DIRECTIONS. Transcribe the listing verbatim. Do not carry over any pictures.

DATA TO PROCESS.
=======
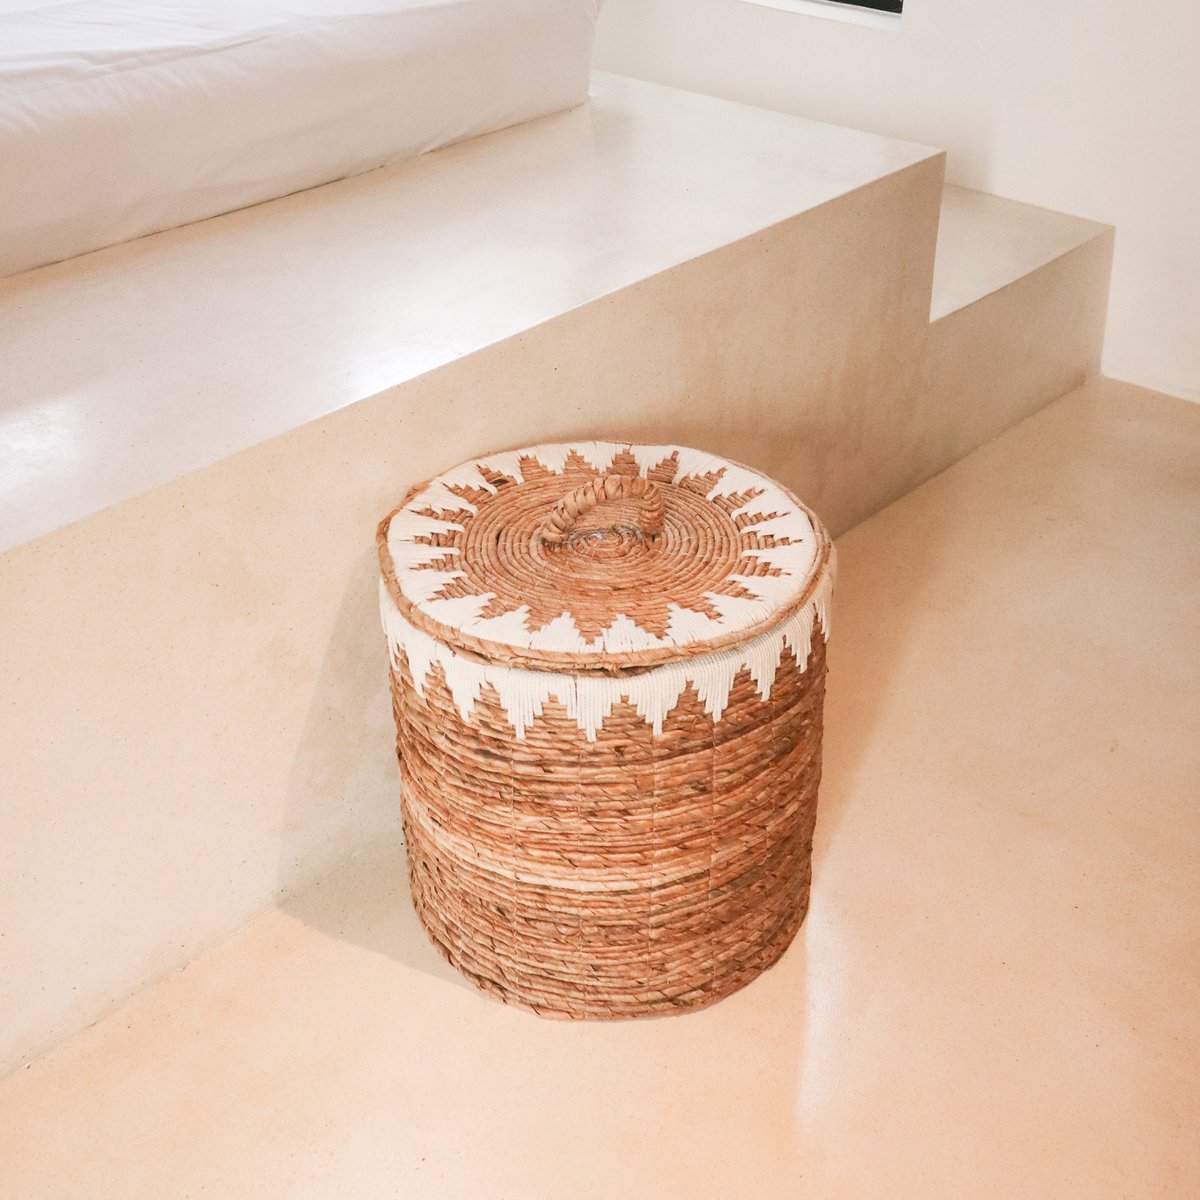 Laundry basket with lid made of banana fiber EMPAT - Large laundry basket with white cotton macrame (2 sizes)
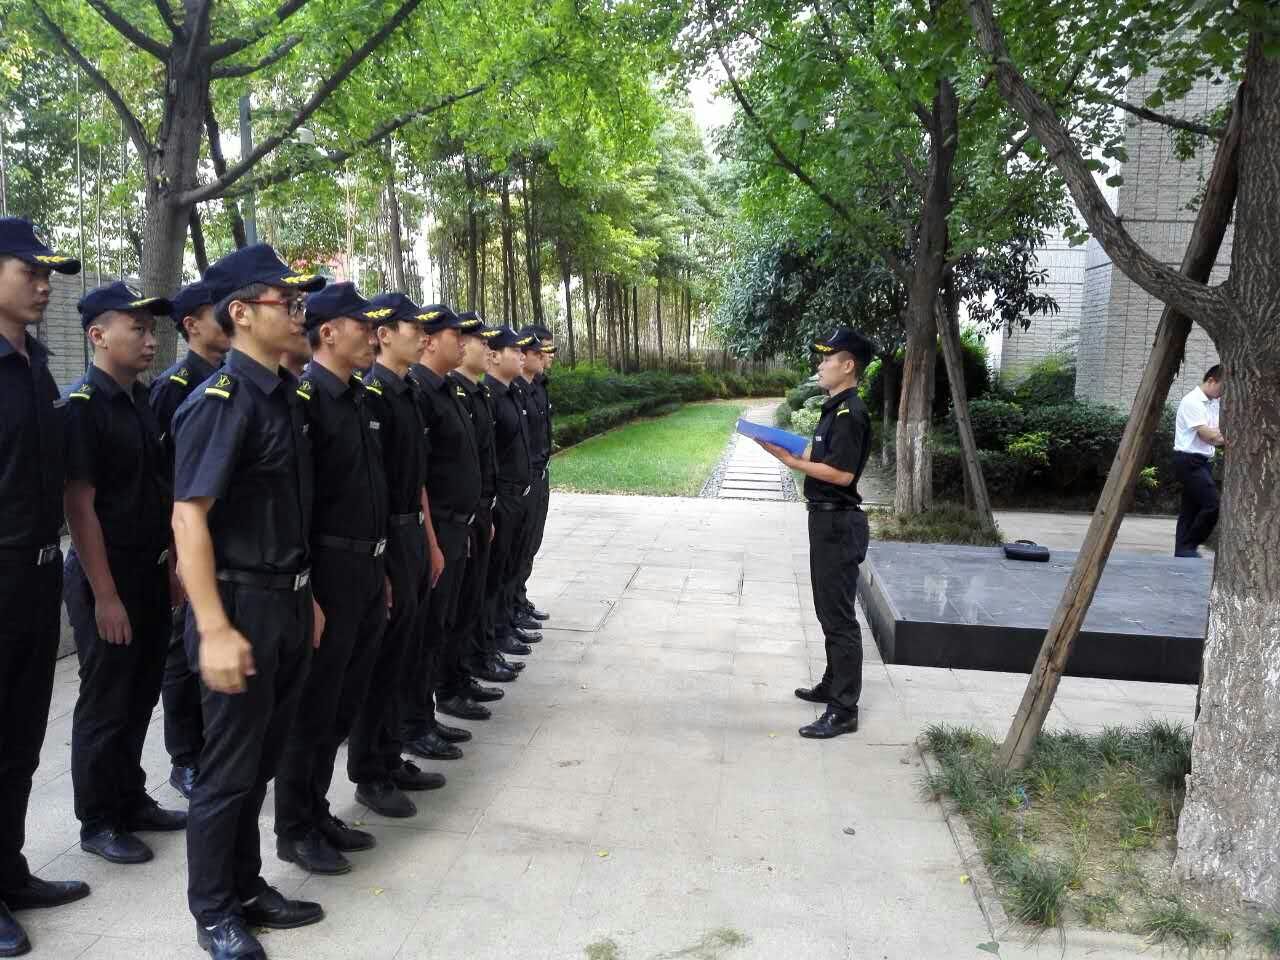 上海中城卫保安服务集团有限公司(简称中城卫 ccg)2005年成立于
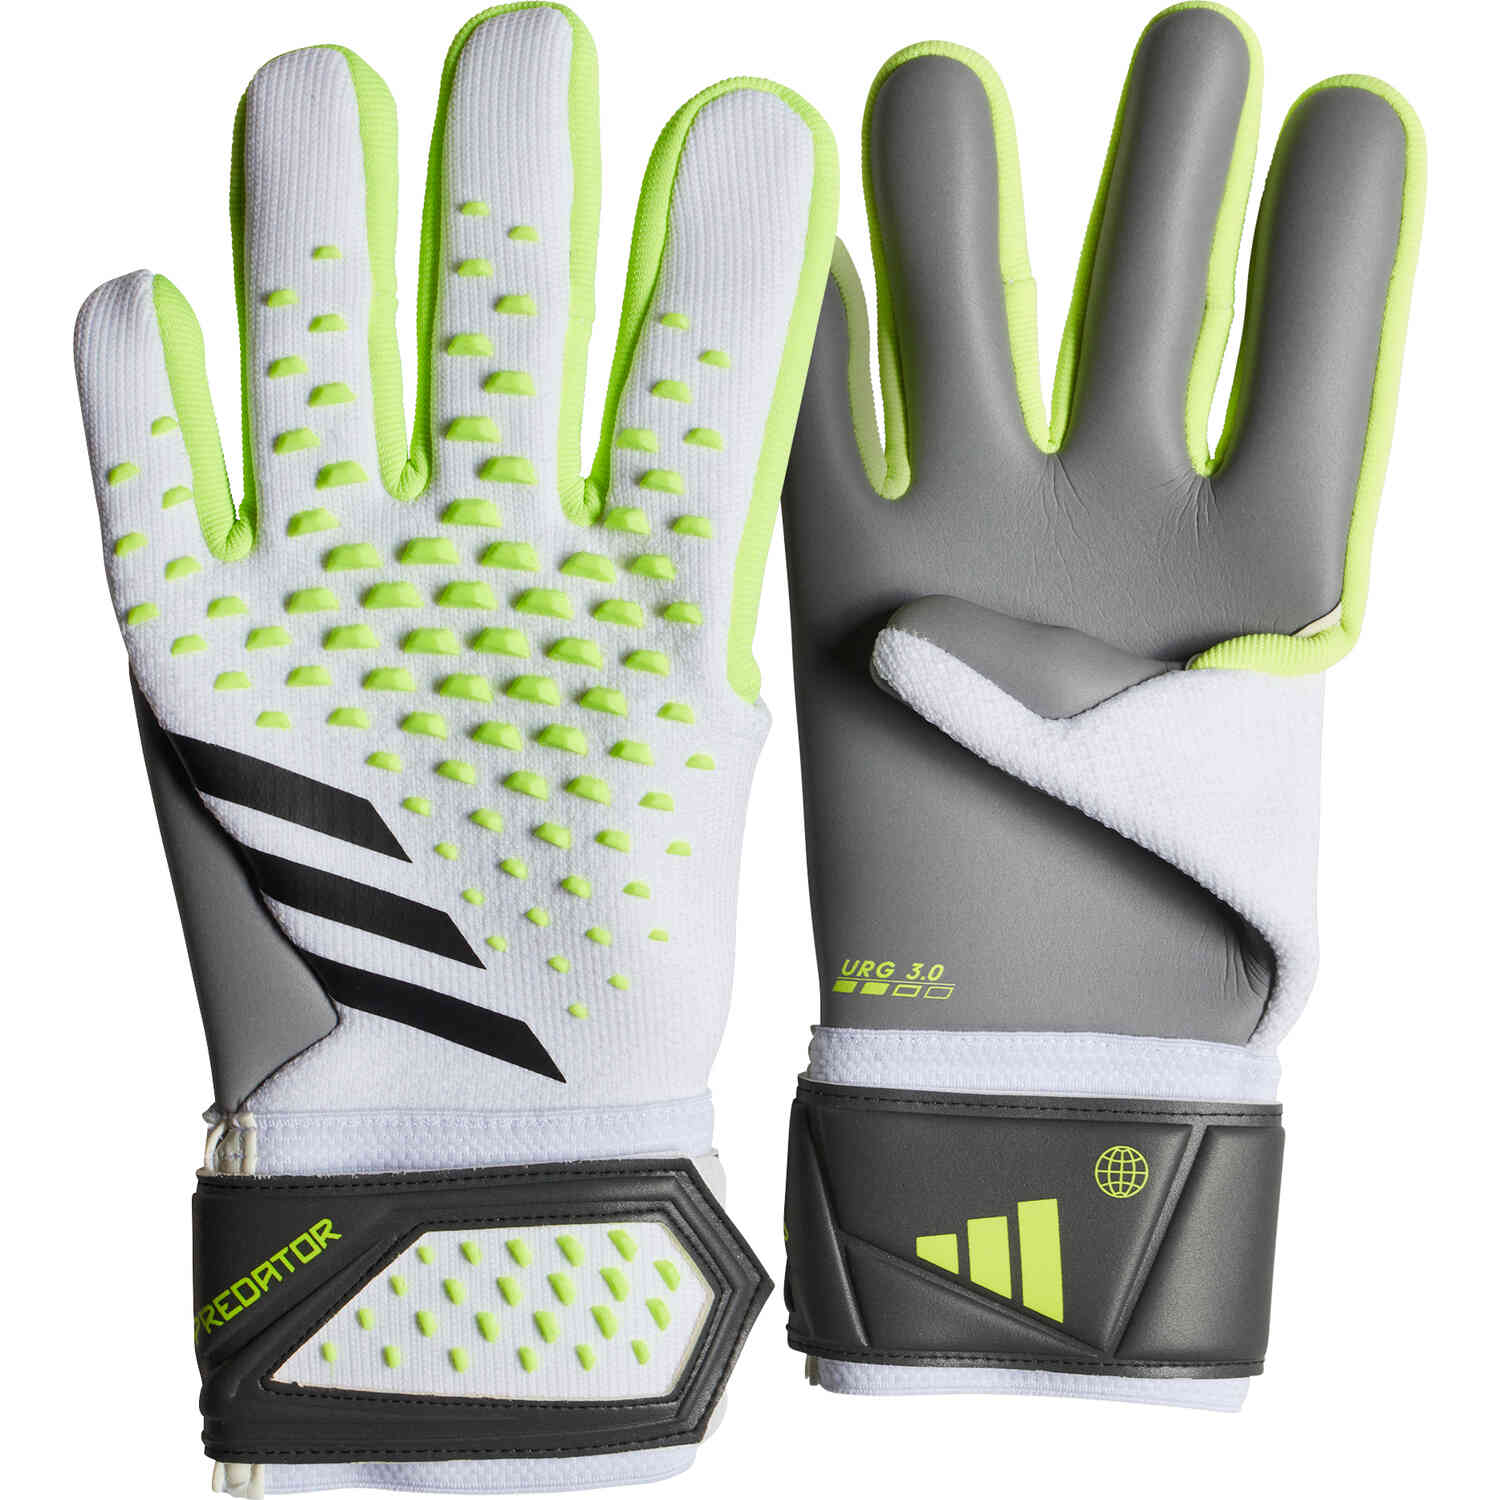 https://www.soccermaster.com/wp-content/uploads/ia0879_adidas_predator_league_gk_gloves_white_lucid_lemon_with_black_sm_01.jpg
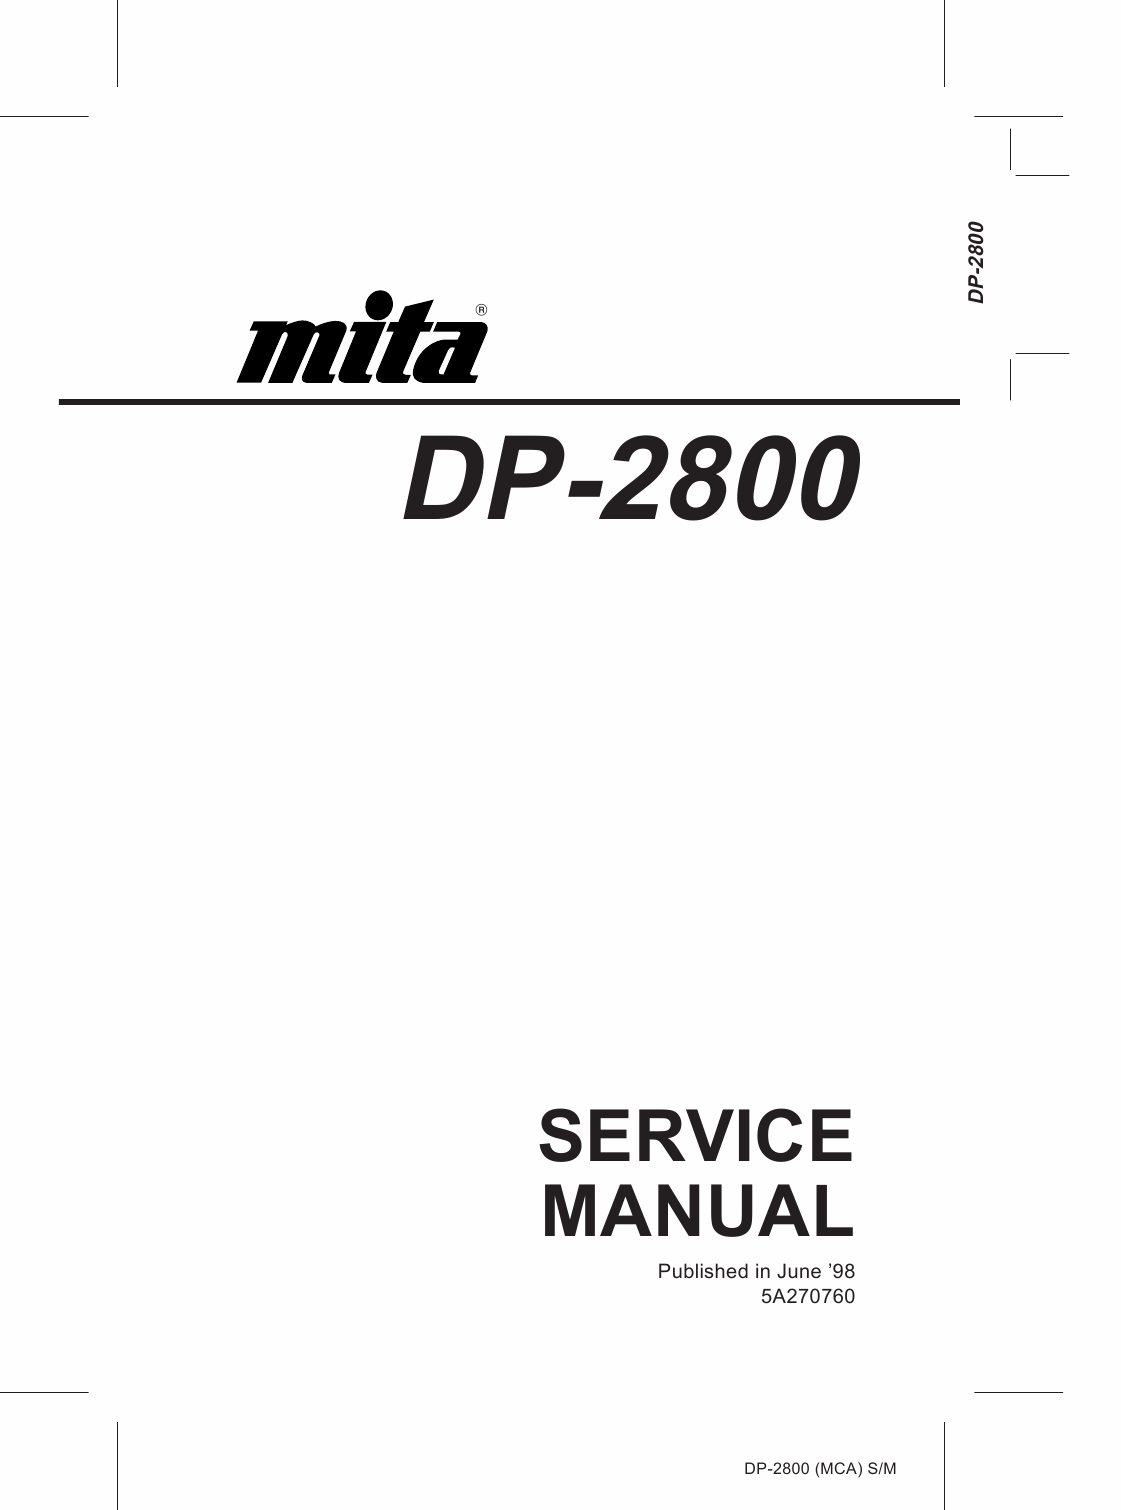 KYOCERA LaserPrinter DP-2800 Parts and Service Manual-1
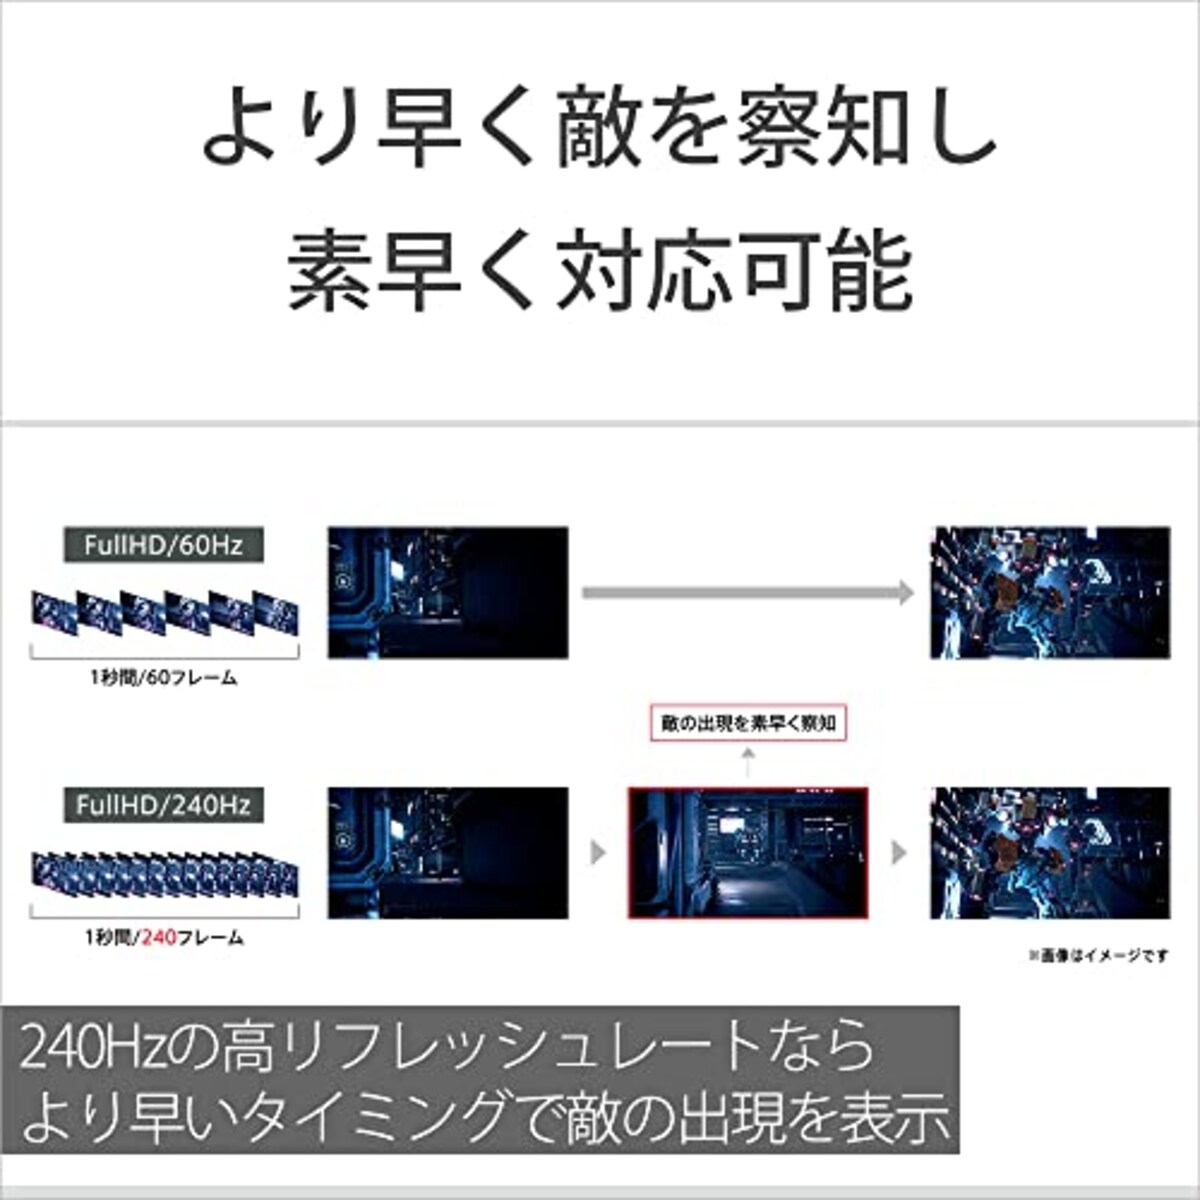  ソニー ゲーミングモニター INZONE M3 SDM-F27M30:2K 27インチ/リフレッシュレート240Hz/応答速度1ms GTG対応/チラつきやカクツキを軽減/sRGBカバー率99%/最大輝度400nit/PlayStation(R)5との連携/EVO Japan 2023公式競技ギア画像5
=======
WRITTEN ANSWER.
 Laundry basket with lid made of banana fiber EMPAT - Large laundry basket with white cotton macrame (2 sizes)
 上海中城卫保安服务集团有限公司(简称中城卫 ccg)2005年成立于
 https://www.soccermaster.com/wp-content/uploads/ia0879_adidas_predator_league_gk_gloves_white_lucid_lemon_with_black_sm_01.jpg
 KYOCERA LaserPrinter DP-2800 Parts and Service Manual-1
  ソニー ゲーミングモニター INZONE M3 SDM-F27M30:2K 27インチ/リフレッシュレート240Hz/応答速度1ms GTG対応/チラつきやカクツキを軽減/sRGBカバー率99%/最大輝度400nit/PlayStation(R)5との連携/EVO Japan 2023公式競技ギア画像5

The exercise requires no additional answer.